Examination of Biblical Prophecies (Part III of Age of Reason)
http://www.sacred-texts.com/aor/paine/proph.htm
Comment by Scott Otto on July 12, 2009 at 4:15pm
One of my favorites has always been, George H. Smiths' Atheism: the Case Against God. Sure some parts of it were dry, but I learned a lot about the philosophical arguments against theism from it.
Christopher Hitchens' God is not Great, was an exciting read and I highly recommend it. While Sam Harris' The End of Faith was (in my opinion) a yawn inducer. I would avoid it if I were you, I felt like I learned more from Hitchens' anyway. Well that's my experience, take it or leave it.

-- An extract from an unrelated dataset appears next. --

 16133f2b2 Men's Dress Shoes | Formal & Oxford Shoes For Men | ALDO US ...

Comment by Greywolf on July 12, 2009 at 3:42pm
Ooops. Can see how Richard thought I was referring to Ehrman when I was actually speaking in reference to Raymond E. Brown.

In regards to Thomas Paine: It's just tragic story. He deserved better. He certainly paid the price for his freethinking ways. With the number of non-theists on the rise, stout-hearted Tom will now become much more familiar to a young American public. And it won't be solely due to writing "Common Sense"!

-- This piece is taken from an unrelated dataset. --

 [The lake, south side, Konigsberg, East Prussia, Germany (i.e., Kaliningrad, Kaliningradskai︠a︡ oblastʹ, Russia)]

Comment by Richard Healy on July 12, 2009 at 1:01pm
Misquoting Jesus. It's short relatively speaking and is a good introduction to the textual criticism for which Ehrman made his name. Also useful for picking up some quick bible-debunking references. (Like the last twelve verses of Mark) and the ever-popular 'who went to Jesus's tomb?' party game.
Comment by Kristi Leitholt on July 12, 2009 at 12:24pm
Thanks everyone! I look forward to reading more. Believe it or not, I was actually able to get through almost TWO chapters of Freethinkers last night. Thomas Paine sounds like quite an interesting person. I think I have his book The Age of Reason around here somewhere. I know we have at least one Paine book anyway.

I've looked up Bart Ehrman at my library and there are a lot of books available by him. Where would you all recommend I start?